Fixed–mobile convergence (FMC) is a change in telecommunications that removes differences between fixed and mobile networks.

In the 2004 press release announcing its formation, the Fixed-Mobile Convergence Alliance (FMCA) said:

Fixed Mobile Convergence is a transition point in the telecommunications industry that will finally remove the distinctions between fixed and mobile networks, providing a superior experience to customers by creating seamless services using a combination of fixed broadband and local access wireless technologies to meet their needs in homes, offices, other buildings and on the go.

In this definition "fixed broadband" means a connection to the Internet, such as DSL, cable or T1. "Local access wireless" means Wi-Fi or something like it. BT's initial FMC service, BT Fusion used Bluetooth rather than Wi-Fi for the local access wireless. The advent of picocells and femtocells means that local access wireless can be cellular radio technology.

The term "seamless services" in the quotation above is ambiguous.

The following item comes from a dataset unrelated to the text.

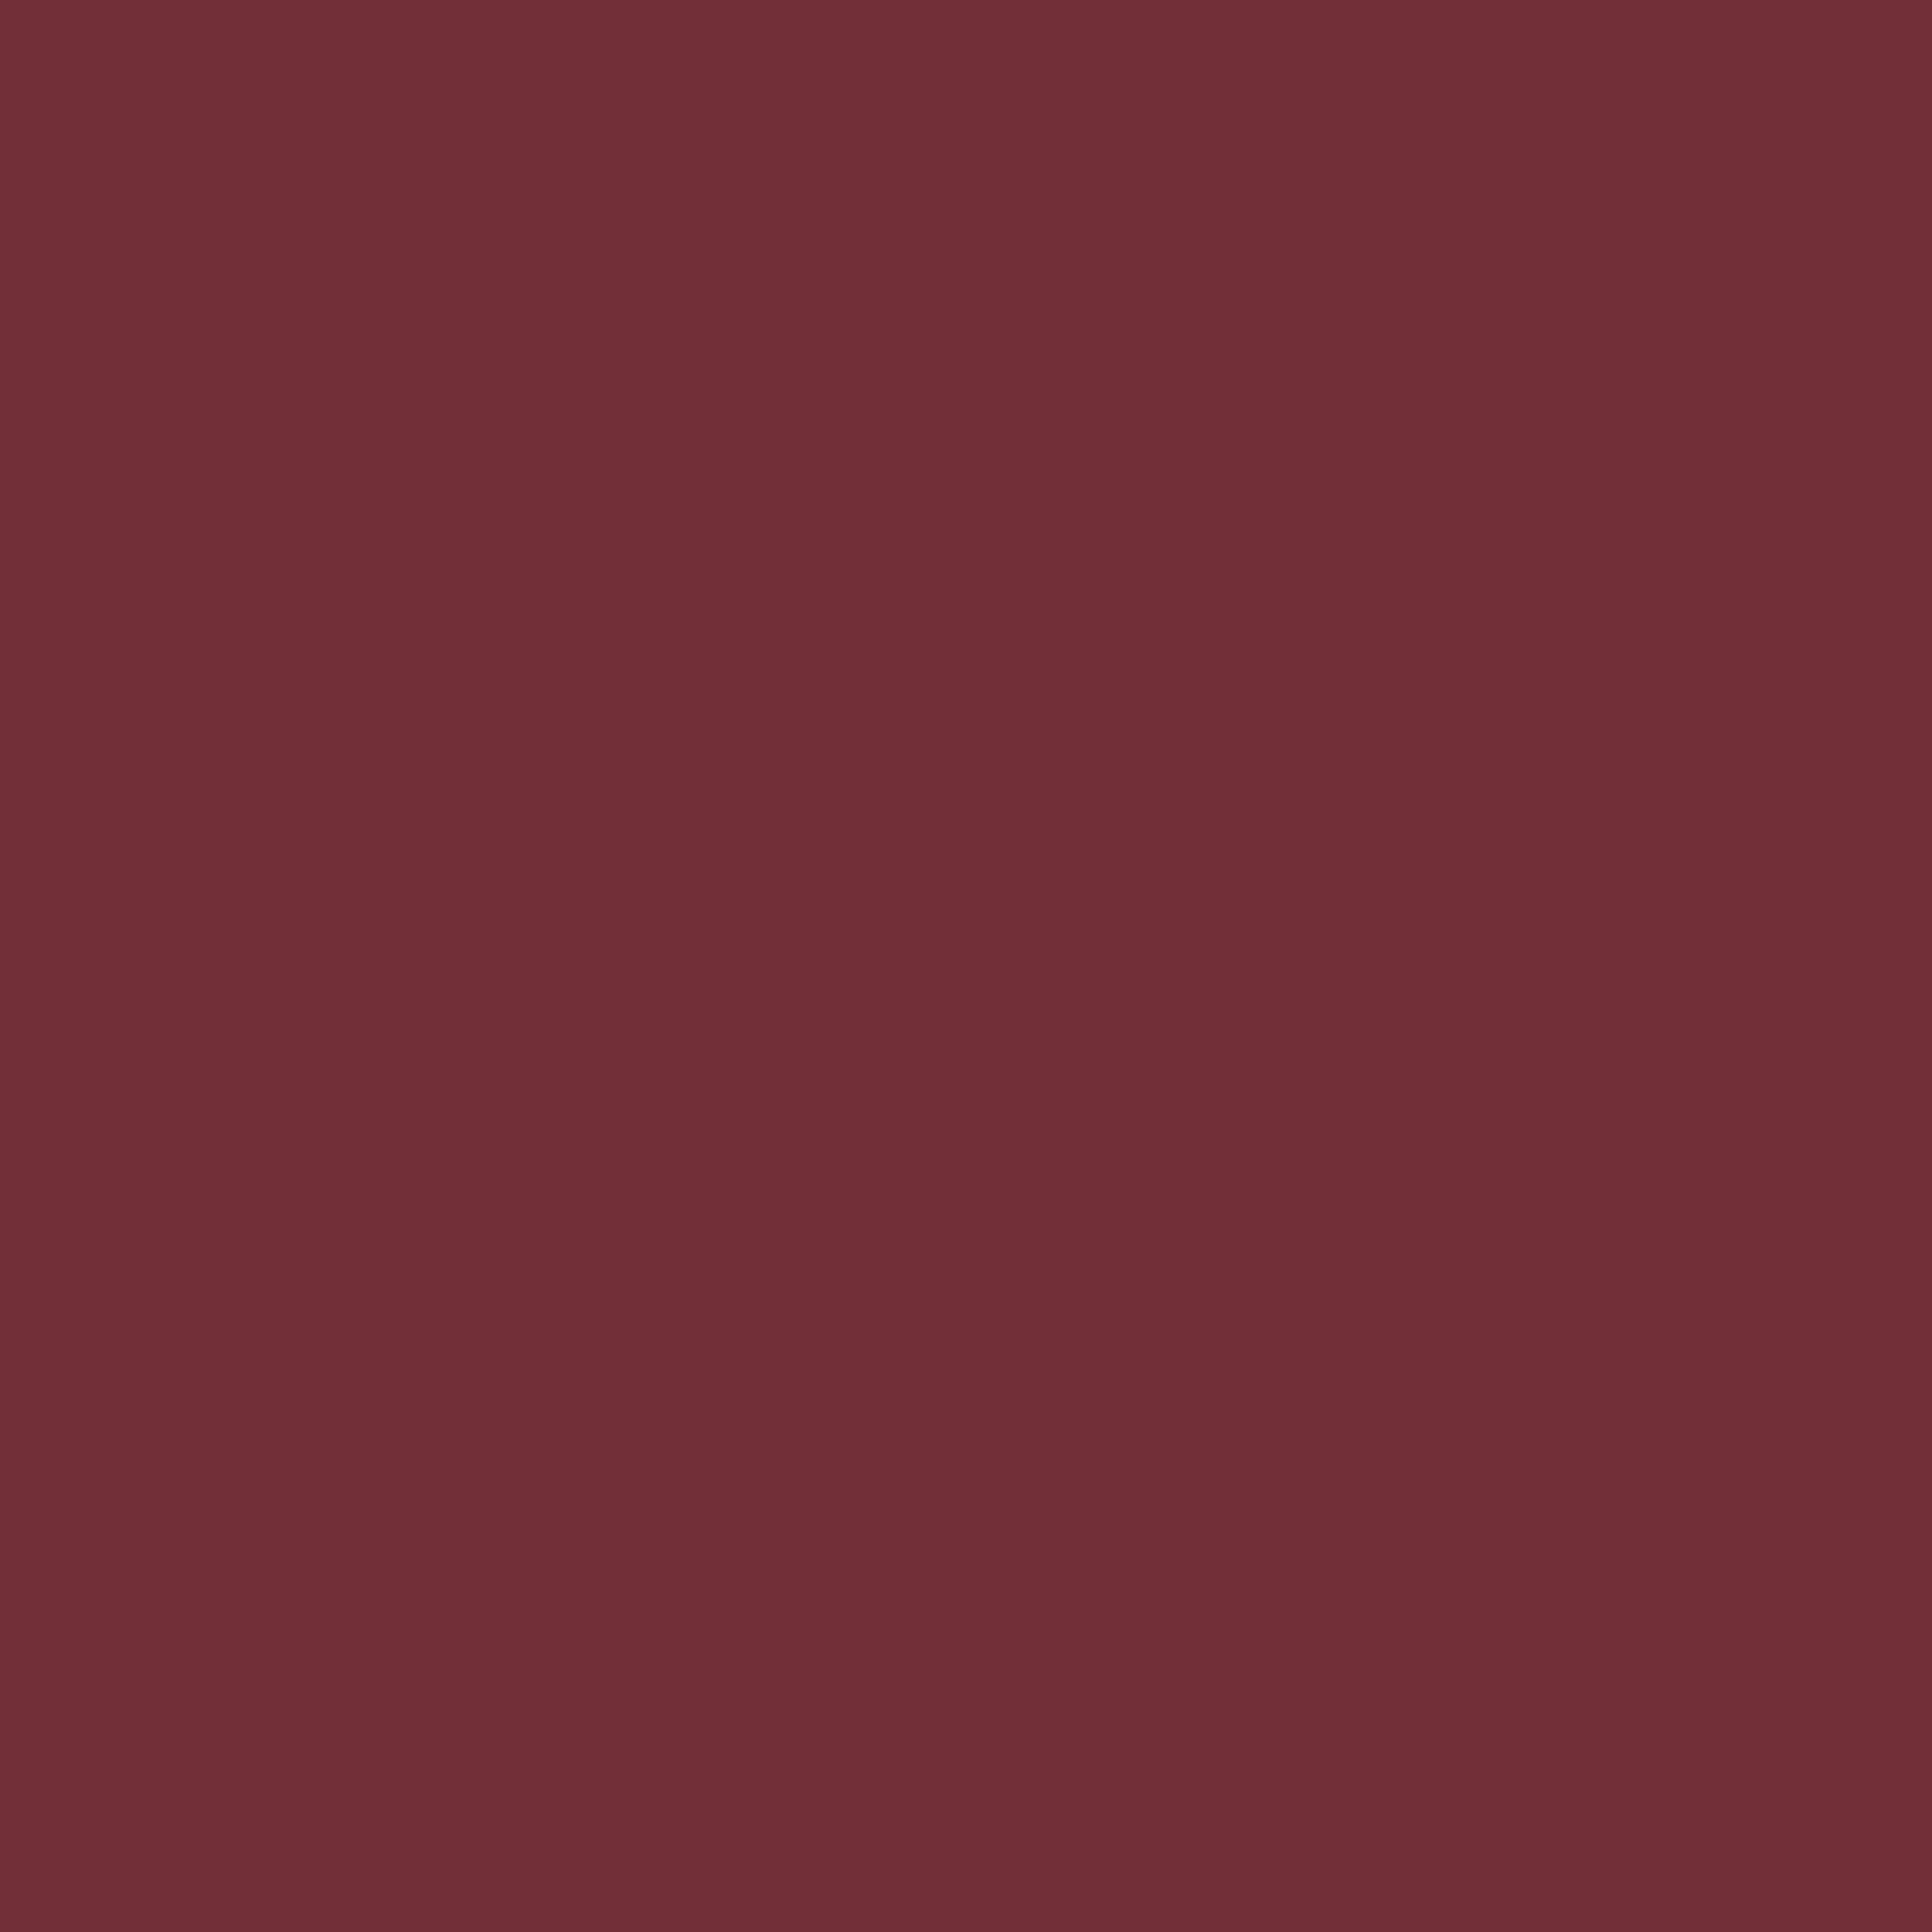 2732x2732 Wine Solid Color Background

When talking about FMC, the word "seamless" usually refers to "seamless handover", which means that a call in progress can move from the mobile (cellular) network to the fixed network on the same phone without interruption, as described in one of the FMCA specification documents:

Seamless is defined as there being no perceptible break in voice or data transmission due to handover (from the calling party or the called party"s perspective).

The term "seamless services" sometimes means service equivalence across any termination point, fixed or mobile, so for example, dialing plans are identical and no change in dialed digits is needed on a desk phone versus a mobile. A less ambiguous term for this might be "network agnostic services".

The FMCA is a carrier organization, mainly oriented to consumer services. Enterprise phone systems are different. When Avaya announced its "Fixed Mobile Convergence" initiative in 2005, it was using a different definition. What Avaya and other PBX manufacturers were calling FMC was the ability for a PBX to treat a cell phone as an extension, and the ability for a cell phone to behave like a PBX extension phone:

Extension to Cellular technology: software seamlessly bridges office phone services to mobile devices, permitting the use of just one phone number and one voice mailbox. Client software extends the capabilities of the PBX to a mobile smartphone, creating a virtual desk extension. This software runs on Nokia Series 60 phones and works in conjunction with Extension to Cellular.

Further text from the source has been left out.